Europe (MNN) — Debt crisis in Greece has led to official talks of developing a stricter treaty for the European Union.

According to BBC News, French President Nicolas Sarkozy and German Chancellor Angela Merkel have come to an agreement that a new treaty must be set in order to avoid any repeats of the Greece financial situation in other nations.

The pair has said that Eurozone states should face greater checks on their budgets and sanctions if they run up deficits. Sarkozy and Merkel propose specifically that the new treaty include automatic sanctions on any nation to run up a deficit of more than 3%.

Paul Jenks with AMG International agrees that something must be done. "Things have to change for them to be able to stay on top of the issue. The European Central Bank really needs to step in, and that is what the treaty negotiation is all about," Jenks explains.

"We want to have an equal Europe–a Europe on the same footing and playing field," Sarkozy is reported as saying.

Jenks says this mentality makes sense. "In decades gone by, when a country would slip into huge debt like Greece has done, they would just devalue their currency. But because they're all using the Euro, they don't have that freedom anymore. So they have to be on the same page fiscally.
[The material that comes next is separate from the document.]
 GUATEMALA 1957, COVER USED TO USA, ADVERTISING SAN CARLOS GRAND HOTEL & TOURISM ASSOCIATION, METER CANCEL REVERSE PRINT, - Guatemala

And if it doesn't happen, a Leman Brothers-type financial crisis for the whole world is not inconceivable."

The restructuring of financial sectors of the EU will, according to The New York Times, lead to the fundamental change of the EU itself, "creating a form of centralized oversight of national budgets."
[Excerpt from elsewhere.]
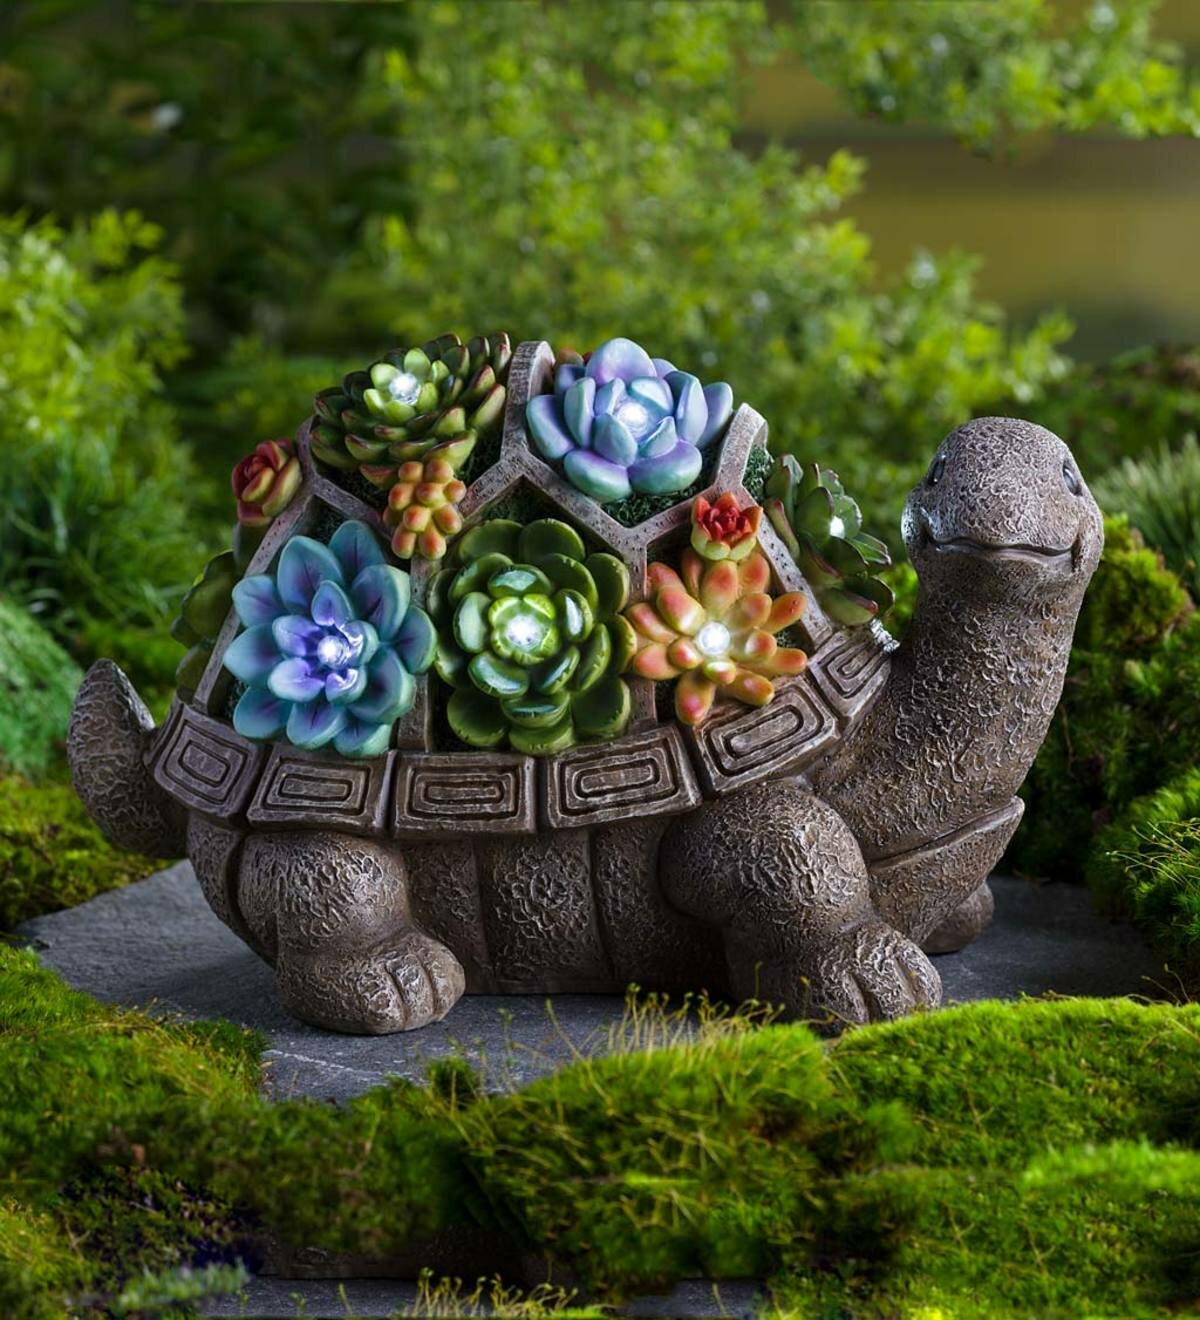 Turtle Garden Swinging Animal Sculpture Ornament

In any case, the major changes to come will not be easy and will include a number of new measures including heavy taxing, says Jenks. Whether or not leaders will be willing to follow through with the unfavorable measures is yet to be seen.

In Greece, where AMG has several ministry outlets, most notably including their St. Luke's Hospital, Jenks says the crisis has at least seemed to have done some good spiritually.

"It seems that as the people in the streets face these huge financial challenges, it is causing them to look up," says Jenks. People are more responsive than ever to the Christian literature within St. Luke's, to the AMG youth programs in Greece, and to the ministry's bookstores.

Pray that AMG staff would take hold of these opportunities in the years to come. Jenks predicts it will be eight to ten years before Greece is completely back on its feet, a sentence which has put St. Luke's in a severe predicament. (Read more about that here.) In the short-term, the devaluing of the Euro has helped as American funds raised by AMG go a bit further in Greece than they used to. Full recovery will be long term.

The AMG team has chosen to rely on the Lord, believing that if He wants their ministry to continue, it will. Pray that this attitude would continue and would serve to sow more seeds and reap new lives in Christ.